After that, I watched the Siren when they were together. Now that I was looking for it I could see the myriad ways they mirrored each other. They narrowed their eyes when they were thinking, and made them wide and innocent when people were watching. They had no nervous habits at all, and their stillness was uncanny. They were both meticulous and critical about their own choices and their servants’. They seemed to take no pleasure from life, simply satisfaction at having puzzled out its latest obstacle.
Happily, Clay only mimicked her Mistress when she was working, unless she was being petulant. I knew that if we had a long day, my Mistress would help me to undress. She would braid up my hair and bank her own fire, so that I might get to sleep sooner. She would interrupt her own tasks to wish me good morning, or tease me to make me swim with her in the pool.
On other days, she was irritable and curt. She would goad me or flatter me, practicing her Siren arts out of sheer boredom. Her cruelty may have come from Dahra, but there was a trace of fire in it that was wholly her own. Dahra never tried to make anyone care about her. Clay raised her prey up before she pierced their fluttering breasts. Her victims returned to her long after Dahra’s had been scared away.
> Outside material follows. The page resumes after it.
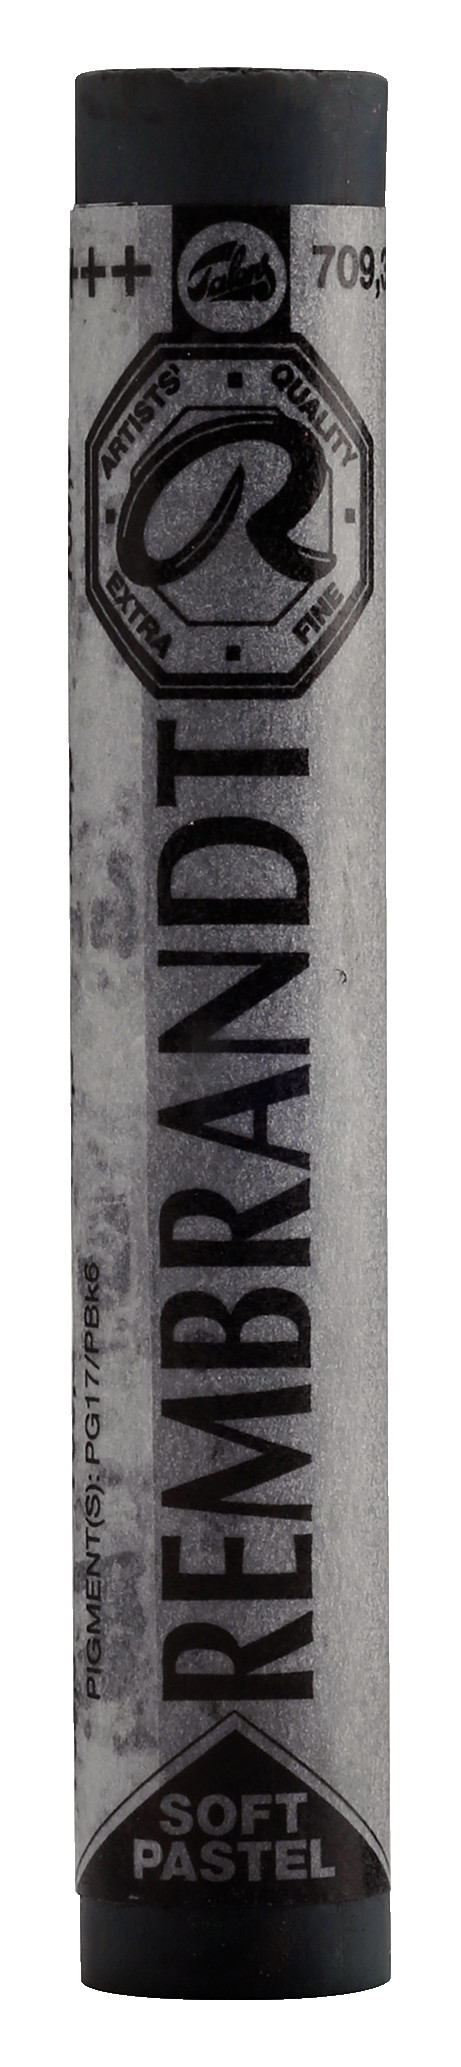 Rembrandt Soft Pastel Round Full Stick Green Grey(3) (709.3)

To my surprise, Dahra started bringing men into her room at night. I had thought that she was unmoved by sex. On the island, she had a reputation for bewitching men with her potions rather than her bod
y. She embodied austere command to the point where Sweetwater had dared her to work with her hair streaked in ashes. The men were so stoned, she jeered, that they would think she had a halo.
Sweetwater had forbidden Mistress Clay to indulge herself, but she hadn’t said one word to Dahra. Nobody thought it was necessary.
On the third night, when yet another man slipped through the courtyard, I peeked through the slit in Dahra’s door to watch. I was half convinced that the Siren would strip her robes off and reveal Clay in disguise! Dahra led the man to the bed. She gently took his boots off and then stood up to light two sticks of incense. The odour made my nose tickle, and then a wonderful feeling of looseness suffused my limbs.
I felt a hand on my shoulder. If I hadn’t been so relaxed I would have squeaked and given myself away, but I looked up and smiled peacefully into Clay’s amused eyes.